Source: Graefes Arch Clin Exp Ophthalmol  |  Posted 6 years ago

By Ed Susman

HOLLYWOOD, FL -- March 18, 2005 -- The tamoxifen era is over.

The newest breast cancer guidelines of the National Comprehensive Cancer Network suggest that for adjuvant hormonal therapy for postmenopausal women, the use of aromatase inhibition is preferred as a long-term prevention strategy over tamoxifen as a single agent.

"Tamoxifen is a terrific drug," said Robert Carlson, MD, professor of medicine, Stanford University Medical School, Stanford, California, United States, "but recent clinical trials have shown that the aromatase inhibitors improve disease-free survival.

"Tamoxifen alone in postmenopausal women has fallen off the radar screen," he said here March 16[^]th[] at the NCCN's 10[^]th[] Annual Conference on Clinical Practice Guidelines and Data Outcomes Research.

The changes in guidelines was based on several clinical trials that established the role of the aromatase inhibitors in preventing recurrence of cancer in the adjuvant setting: ATAC (Anastrozole, Tamoxifen, Alone or in Combination); and MA-17, which showed a benefits with letrozole; and Intergroup Exemestane Study, Dr. Carlson said.

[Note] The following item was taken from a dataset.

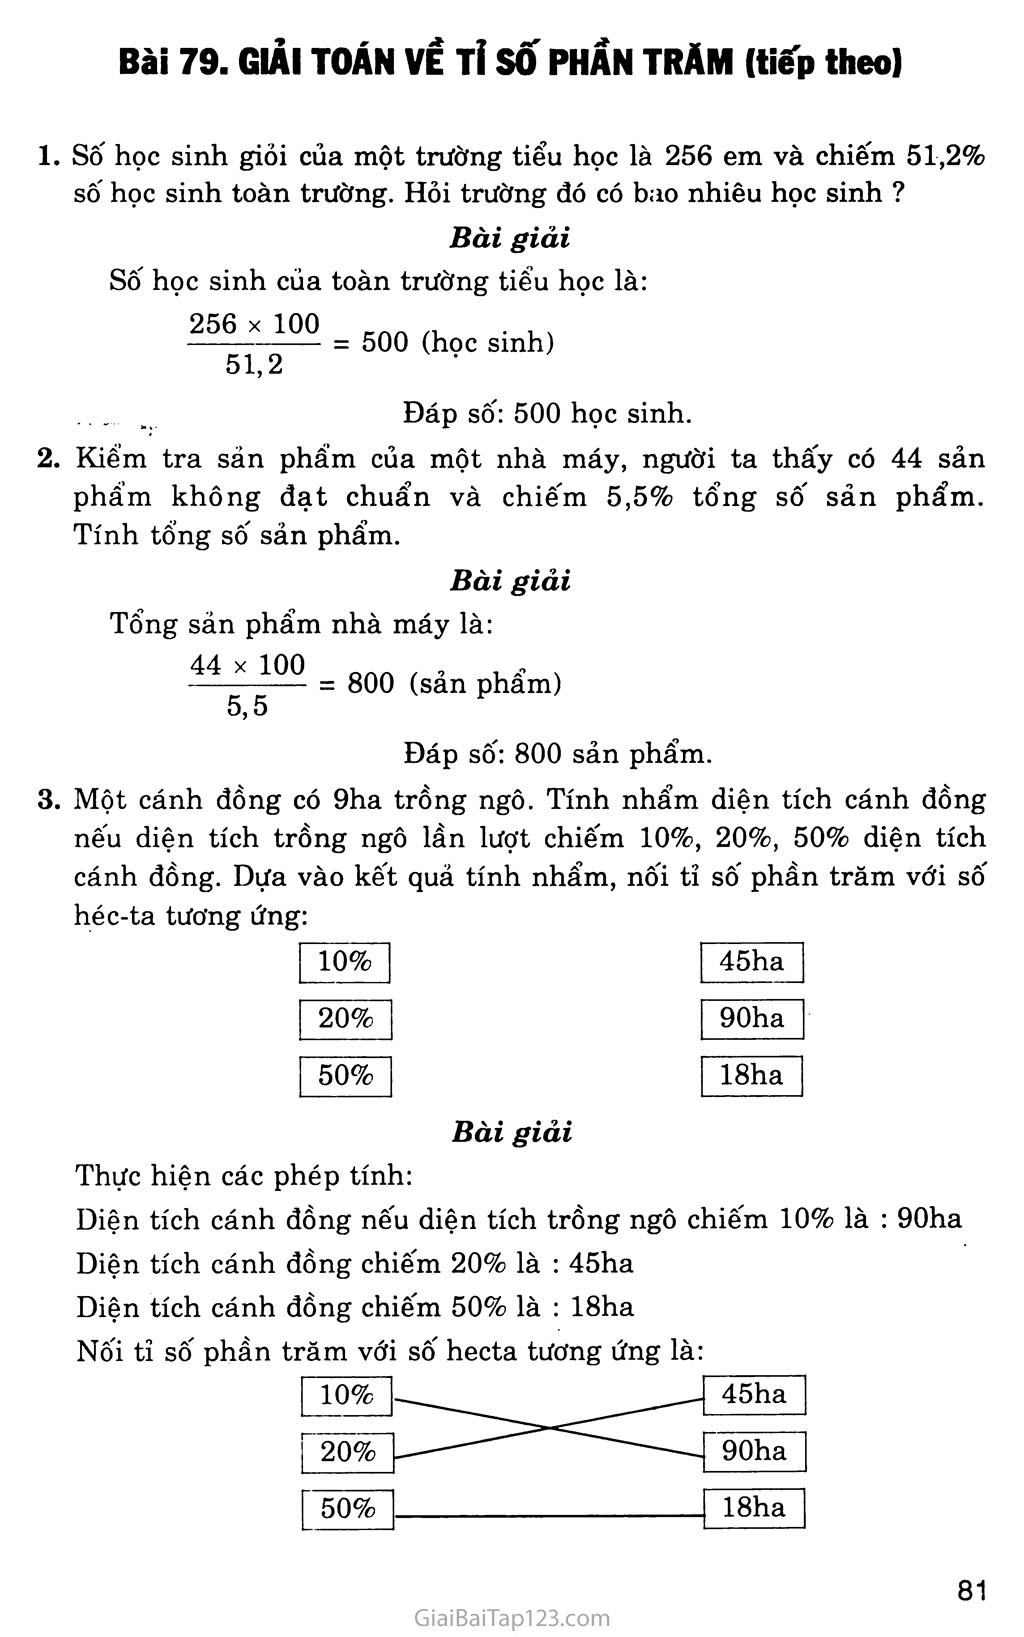 Bài 79: Giải toán về tỉ số phần trăm (tiếp theo) trang 1
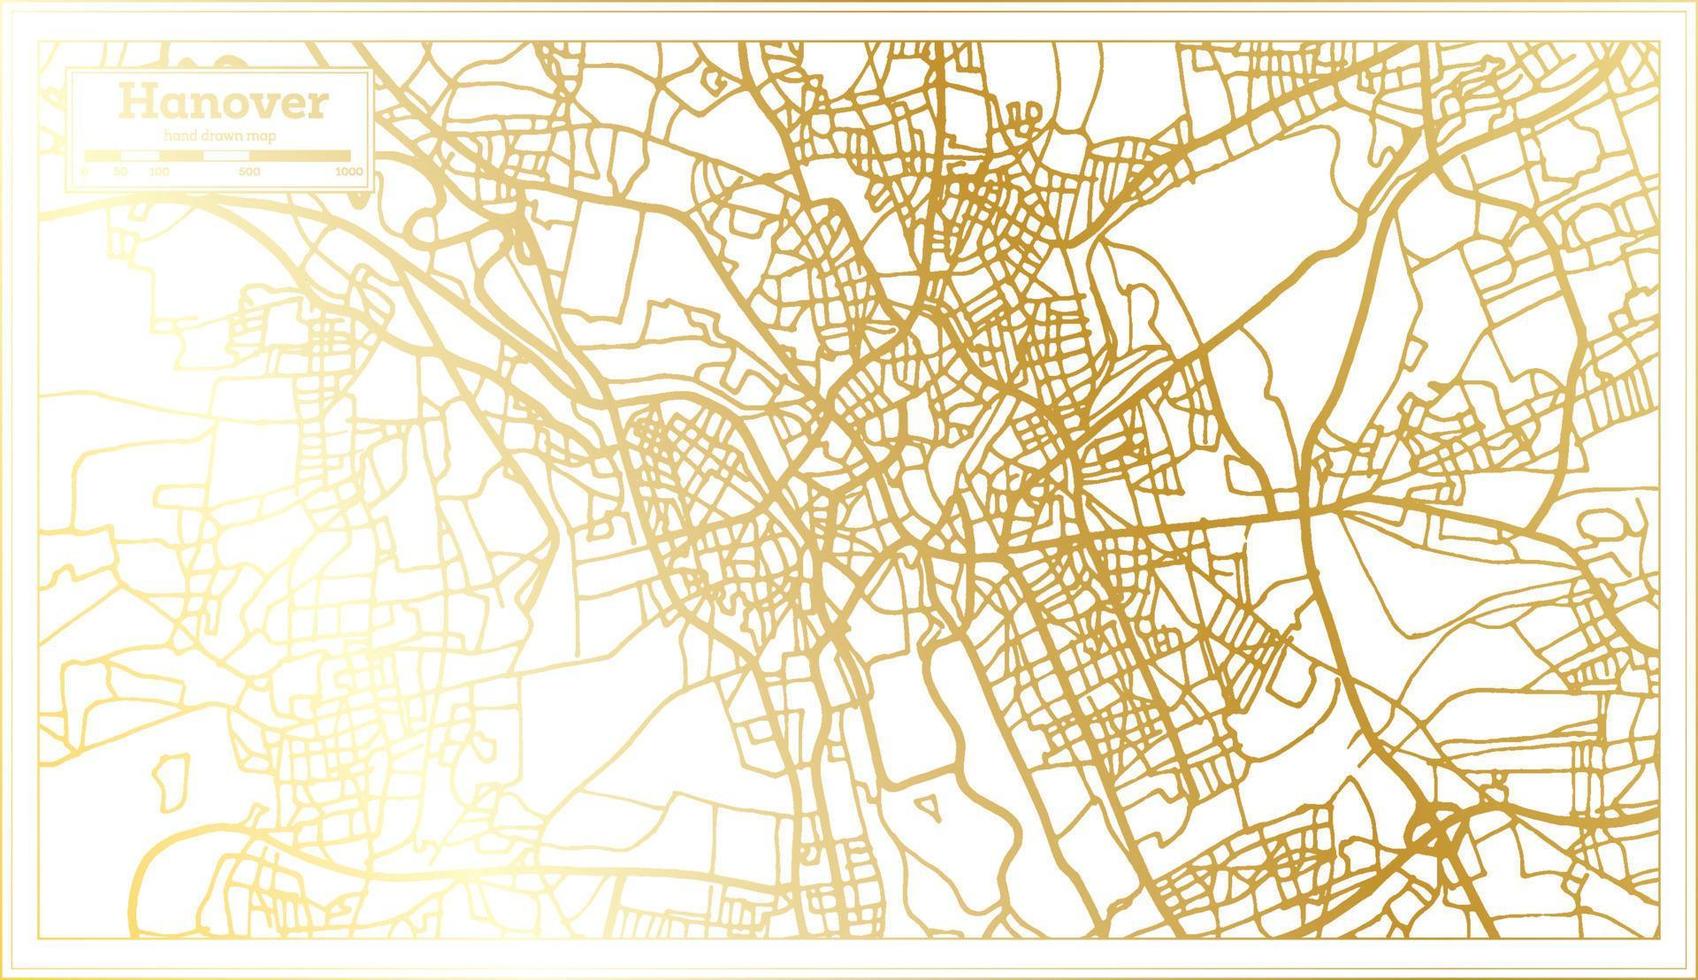 plan de la ville de hanovre allemagne dans un style rétro de couleur dorée. carte muette. vecteur

According to the new guidelines for adjuvant hormonal therapy, premenopausal women are treated with tamoxifen for 2 to 3 years with or without ovarian supplementation or ablation. If they remain premenopausal after the first round of treatment they complete 5 years of tamoxifen. If at that point they are postmenopausal they receive letrozole for 5 year. If they are still premenopausal no further treatment is performed.

Women who are postmenopausal at the start of adjuvant therapy are treated with anastrozole for 5 years, or tamoxifen for 2 to 3 years, followed by exemestane or anastrozole to complete a 5-year adjuvant hormonal therapy course, or tamoxifen for 4.5 to 6 years, and then by letrozole for 5 years.

"The panel believes the three selective aromatase inhibitors -- anastrozole, letrozole and exemestane -- have similar anti-tumor efficacy and similar toxicity profiles," Dr. Carlson said. Physicians should try to judge how well their patient fits into the criteria and scenario of the various clinical trials and treat them with drugs that best fit that situation, he said.

The lack of an overall survival benefit seen with the aromatase inhibitors may be partly due to the effectiveness of tamoxifen in treatment of patients; competing causes of death as the women in the studies age, or the fact that separation of the curves that express differences in mortality might do not occur until several years following treatment -- much the way the mortality benefit with tamoxifen did not become apparent until long-term results were examined.

[Presentation title: Update: Breast Cancer Guidelines.]